_WHAT YOU HAVE TO DO:_ Output every line below as it stands, dropping only the images.

_DATA EXTRACT:_
● ● ● ● ● ● ●

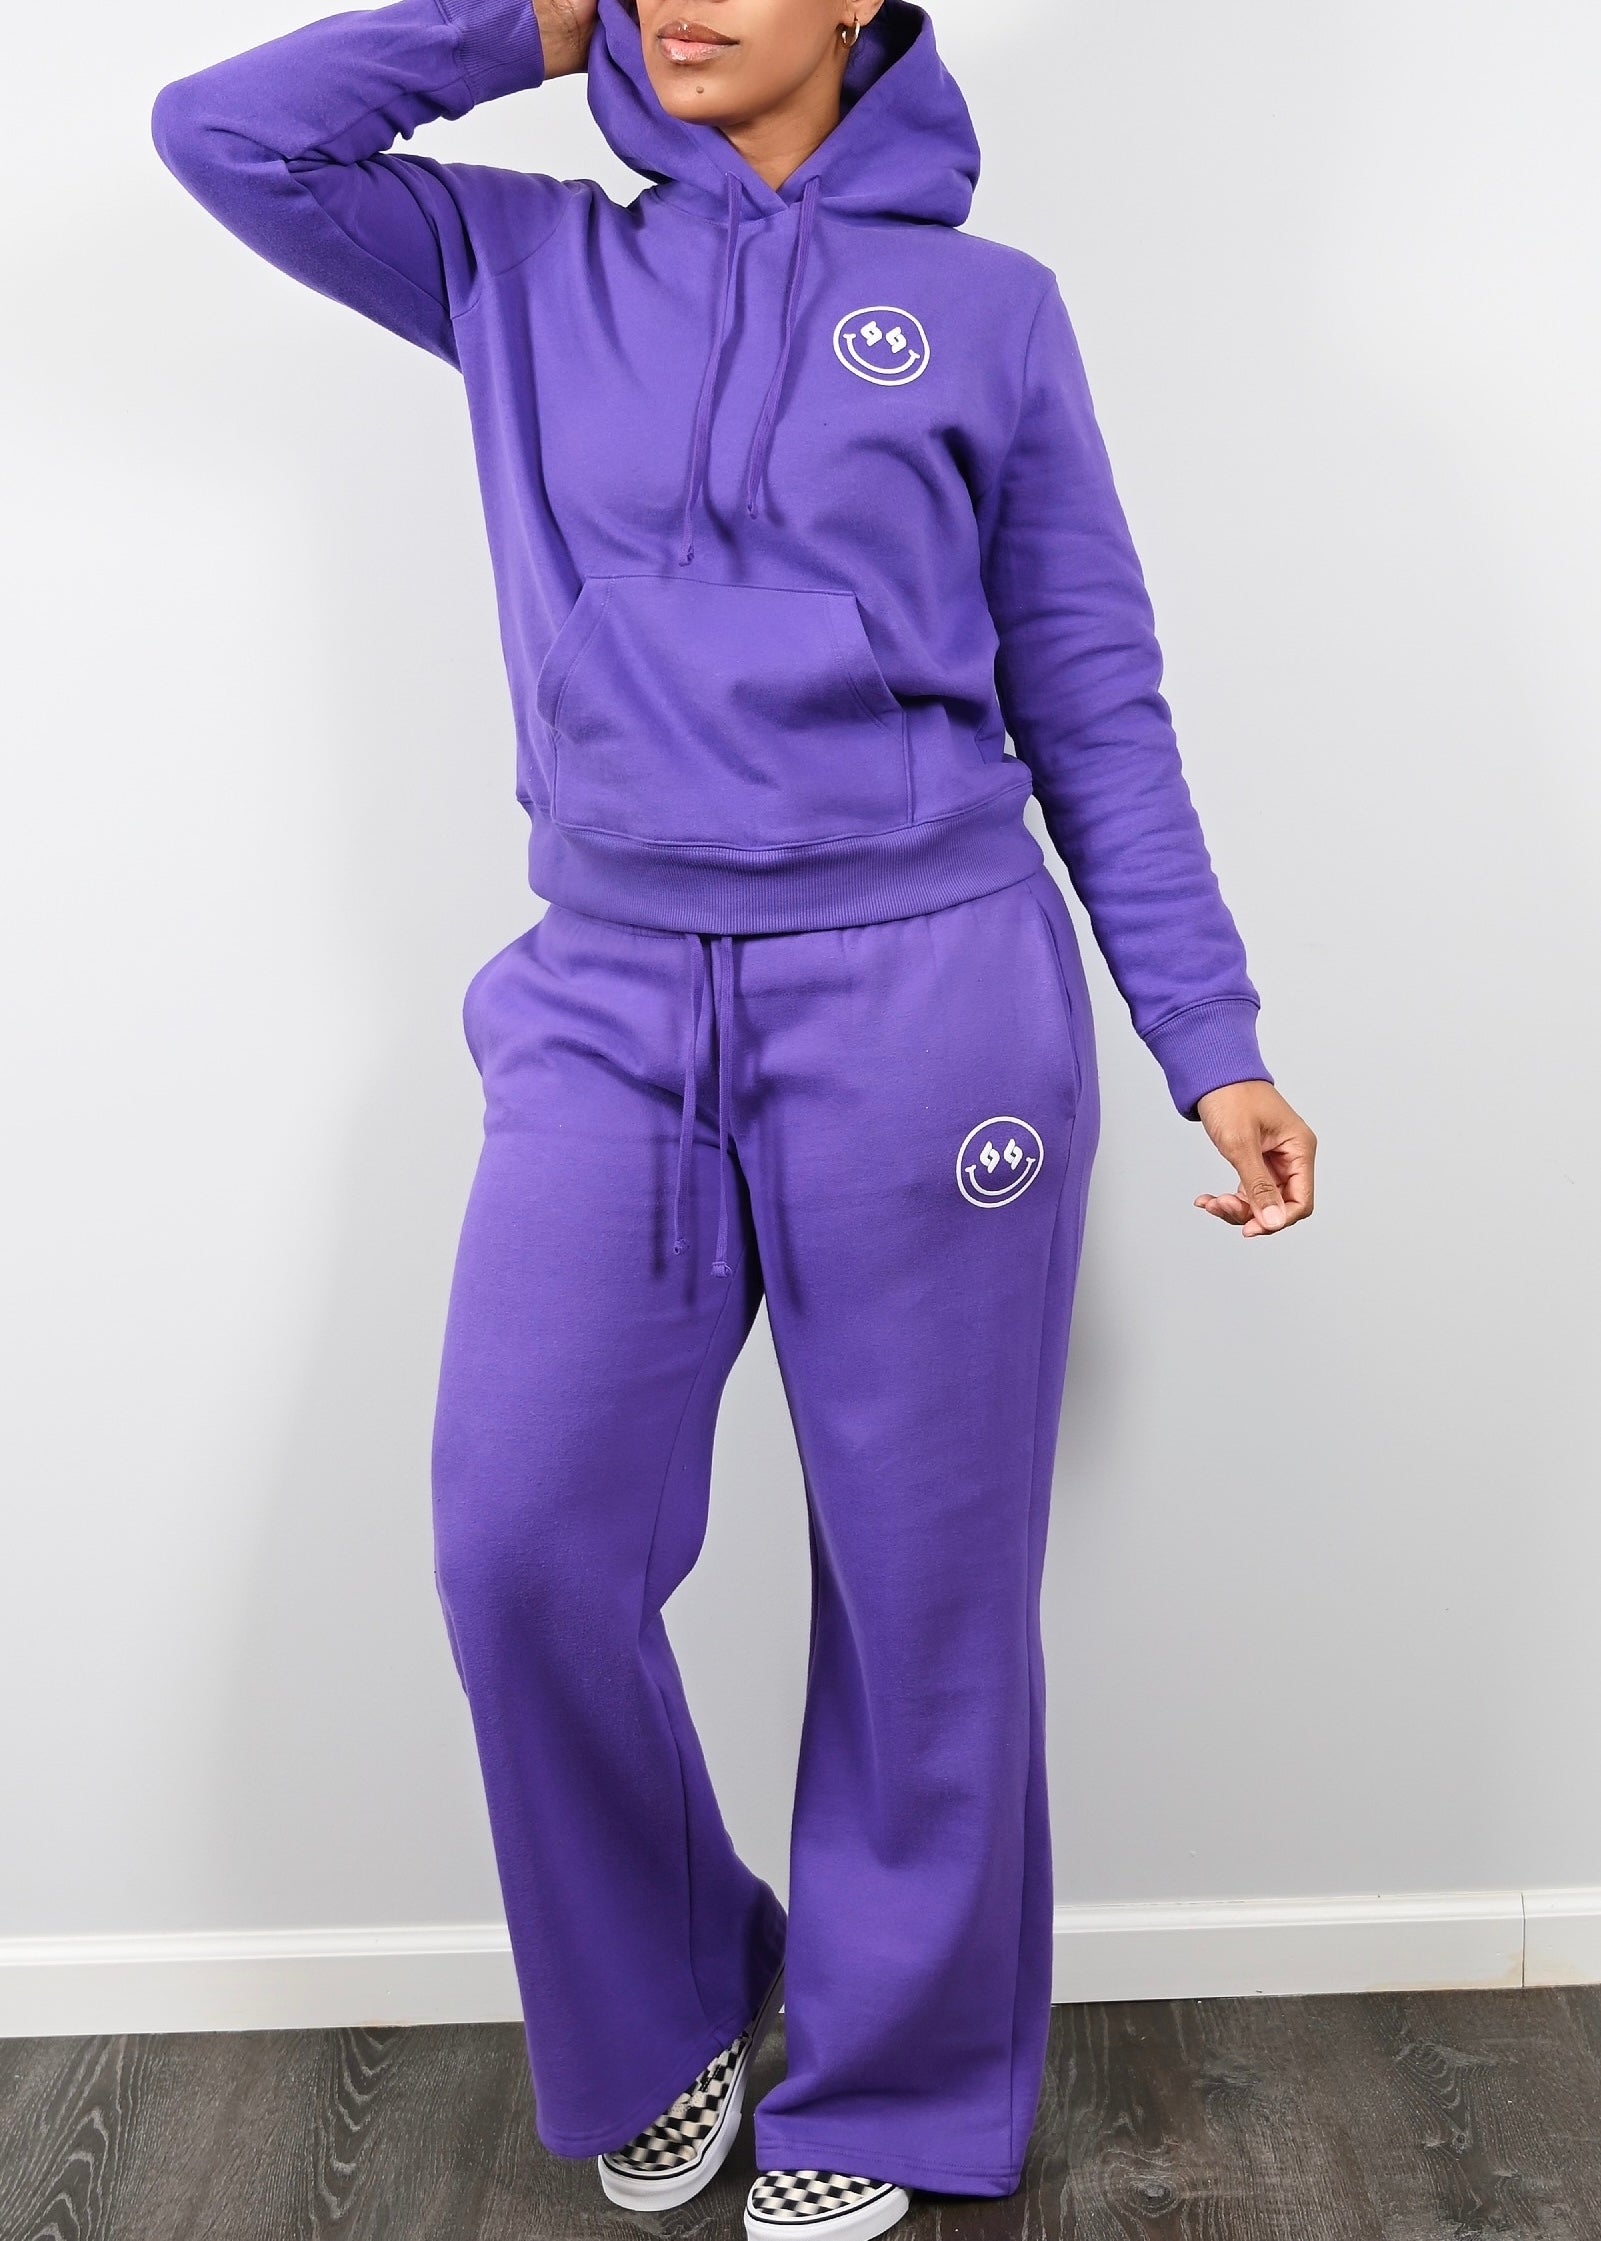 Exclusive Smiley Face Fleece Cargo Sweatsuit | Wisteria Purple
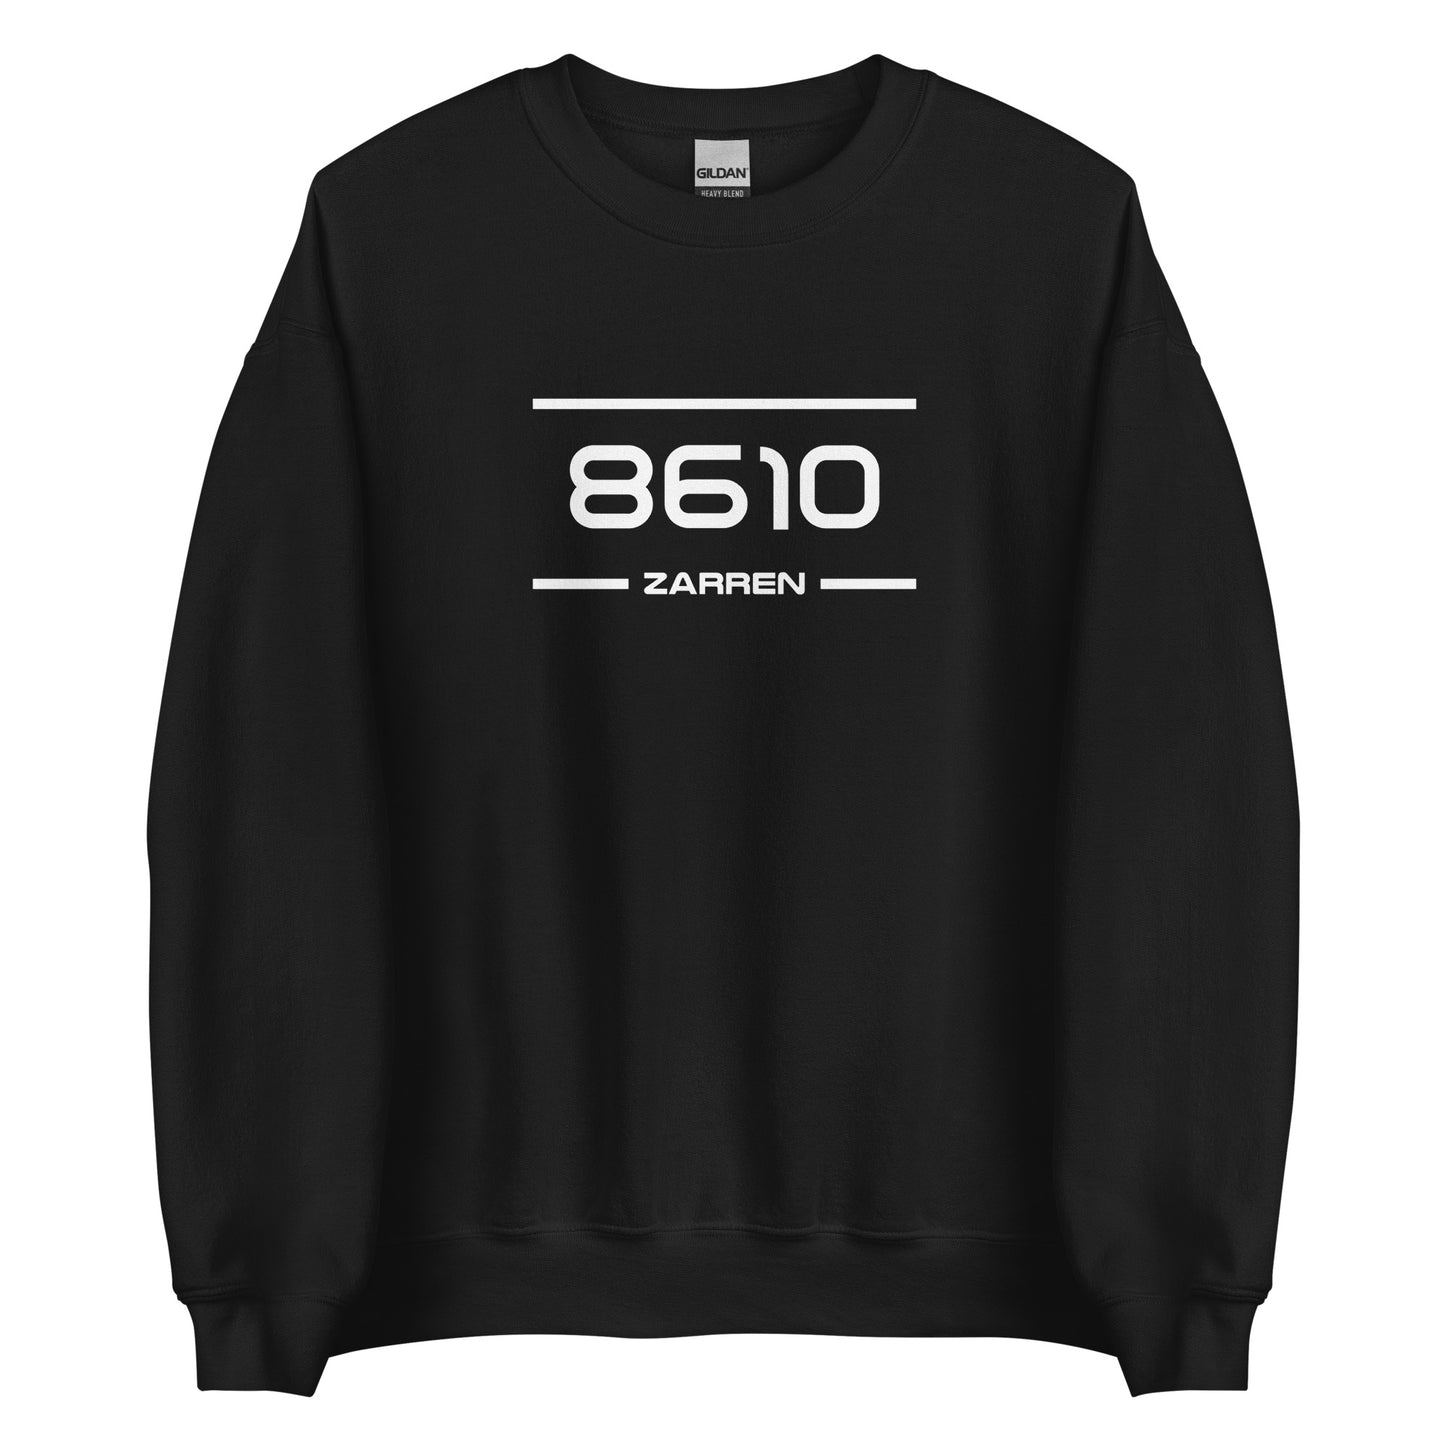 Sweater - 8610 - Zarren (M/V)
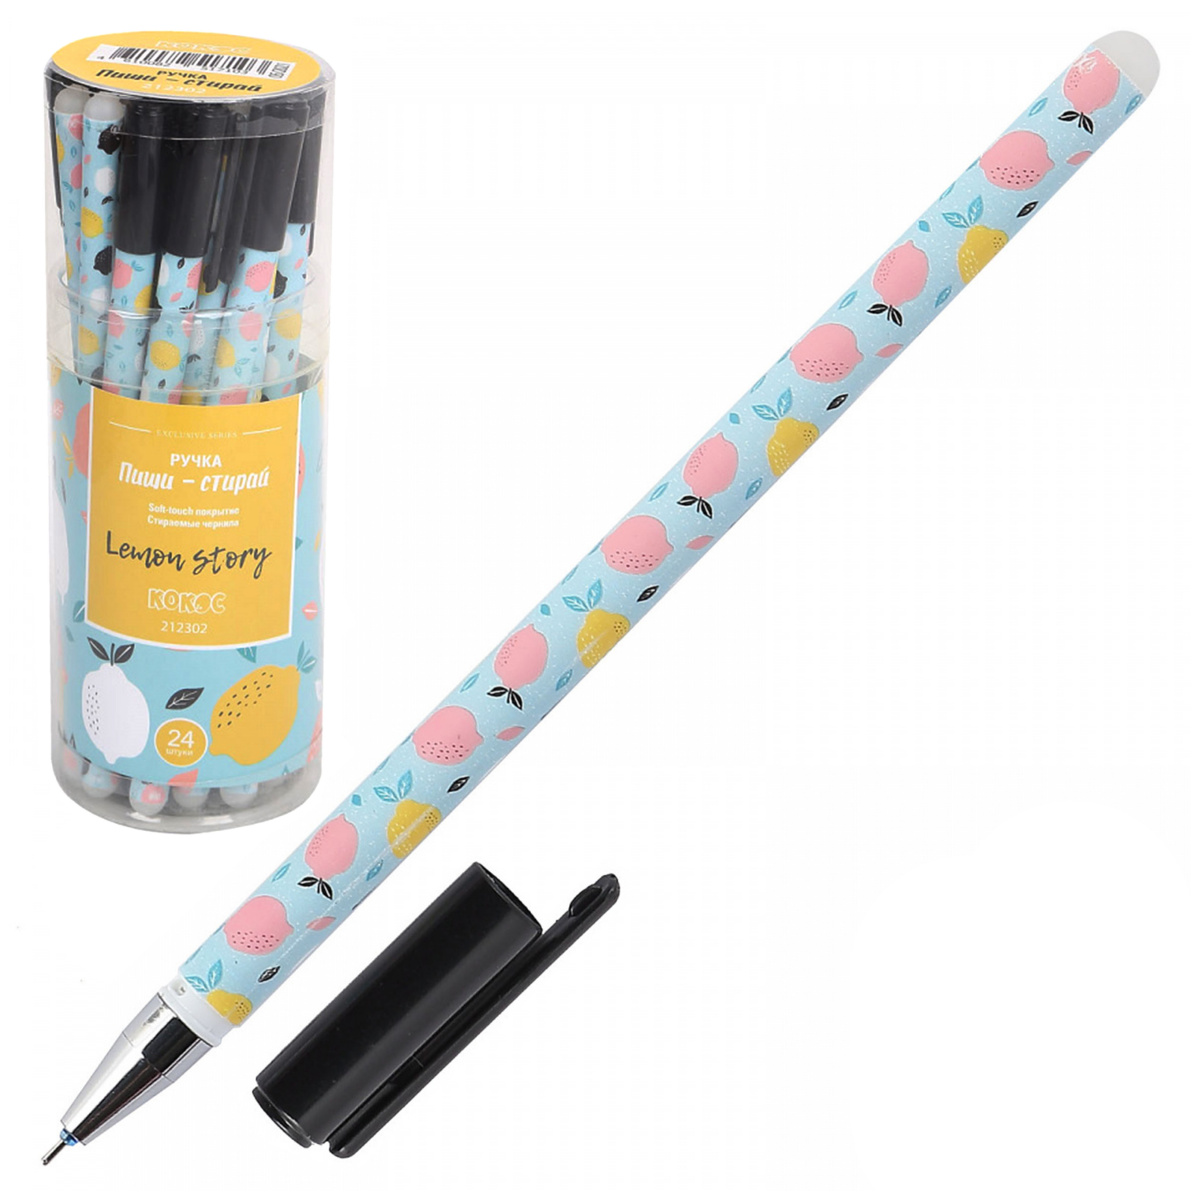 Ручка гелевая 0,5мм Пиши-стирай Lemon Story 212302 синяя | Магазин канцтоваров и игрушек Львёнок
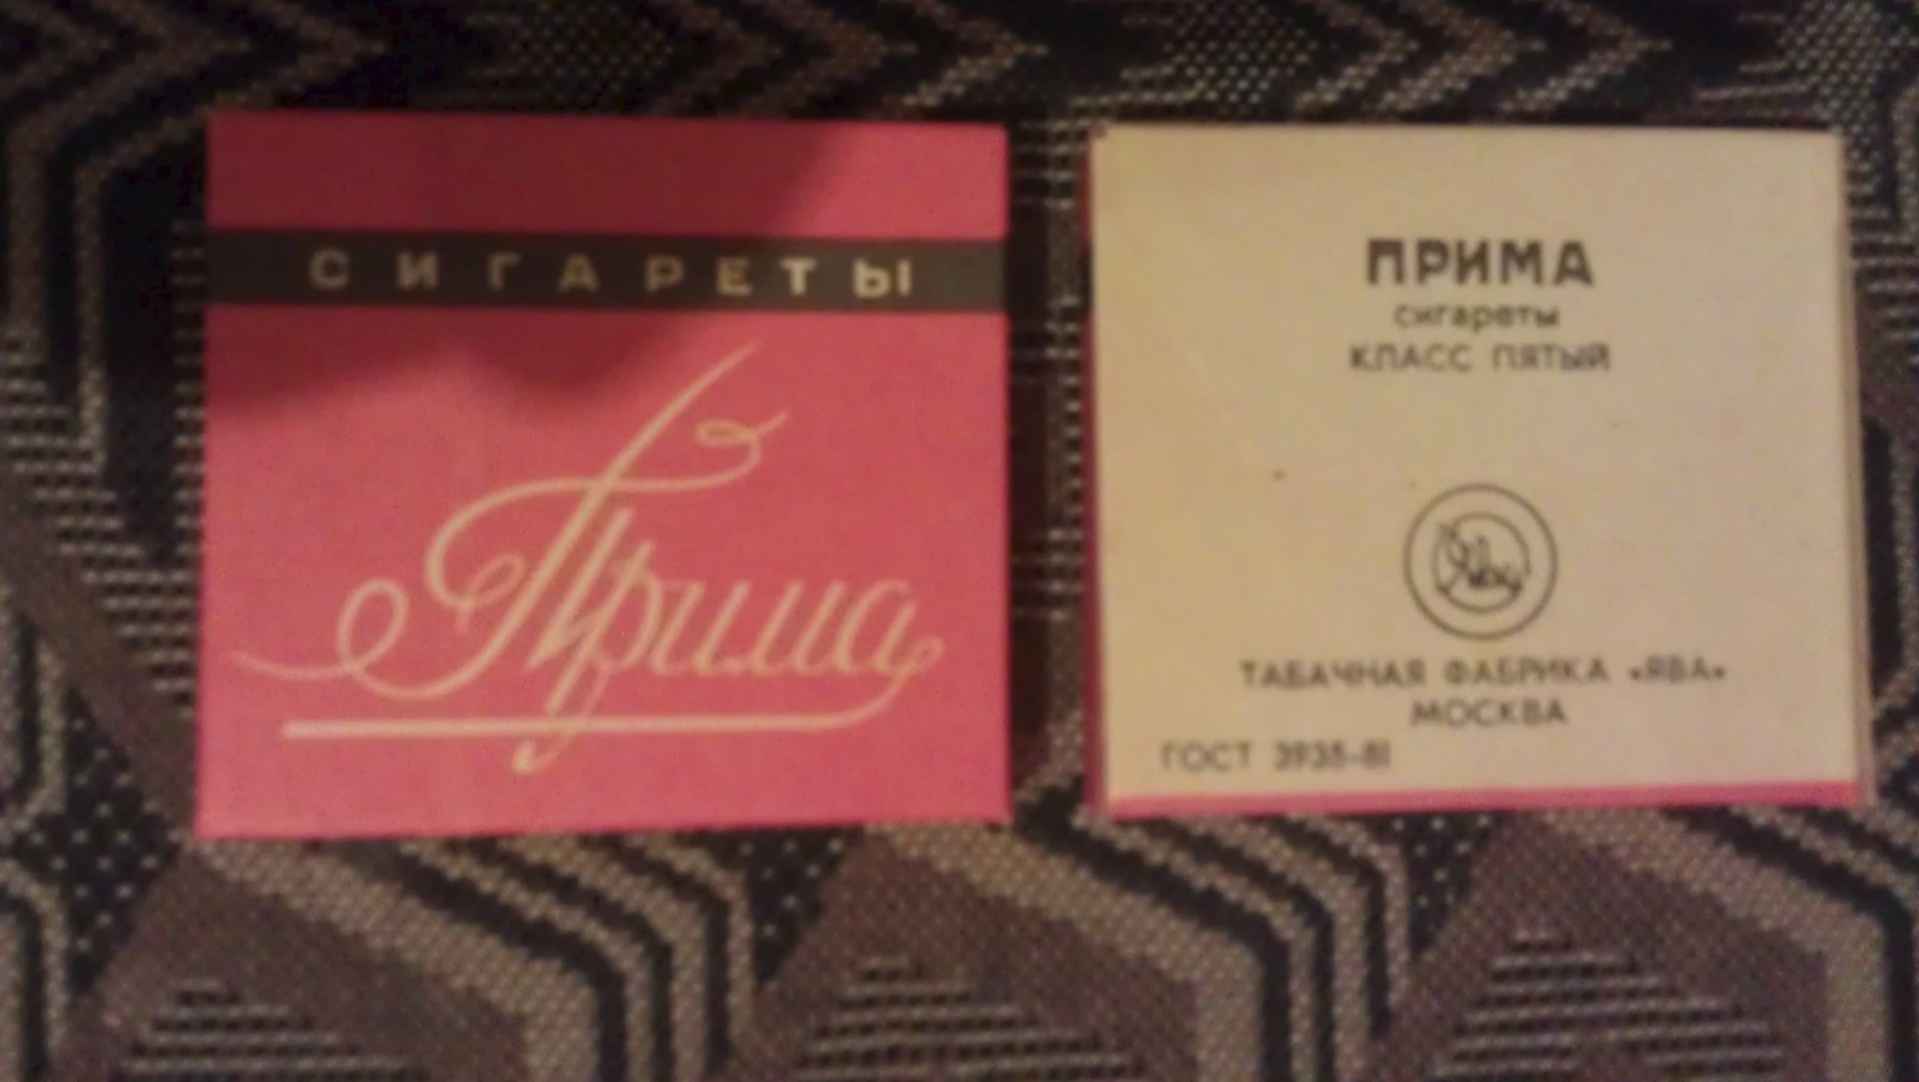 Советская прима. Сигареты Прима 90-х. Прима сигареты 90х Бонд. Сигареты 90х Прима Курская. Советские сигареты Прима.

● ● ● ● ● ● ●

_RESULT FOR THIS TASK:_
 Exclusive Smiley Face Fleece Cargo Sweatsuit | Wisteria Purple
 Sweater - 8610 - Zarren (M/V)
 Ручка гелевая 0,5мм Пиши-стирай Lemon Story 212302 синяя | Магазин канцтоваров и игрушек Львёнок
 Советская прима. Сигареты Прима 90-х. Прима сигареты 90х Бонд. Сигареты 90х Прима Курская. Советские сигареты Прима.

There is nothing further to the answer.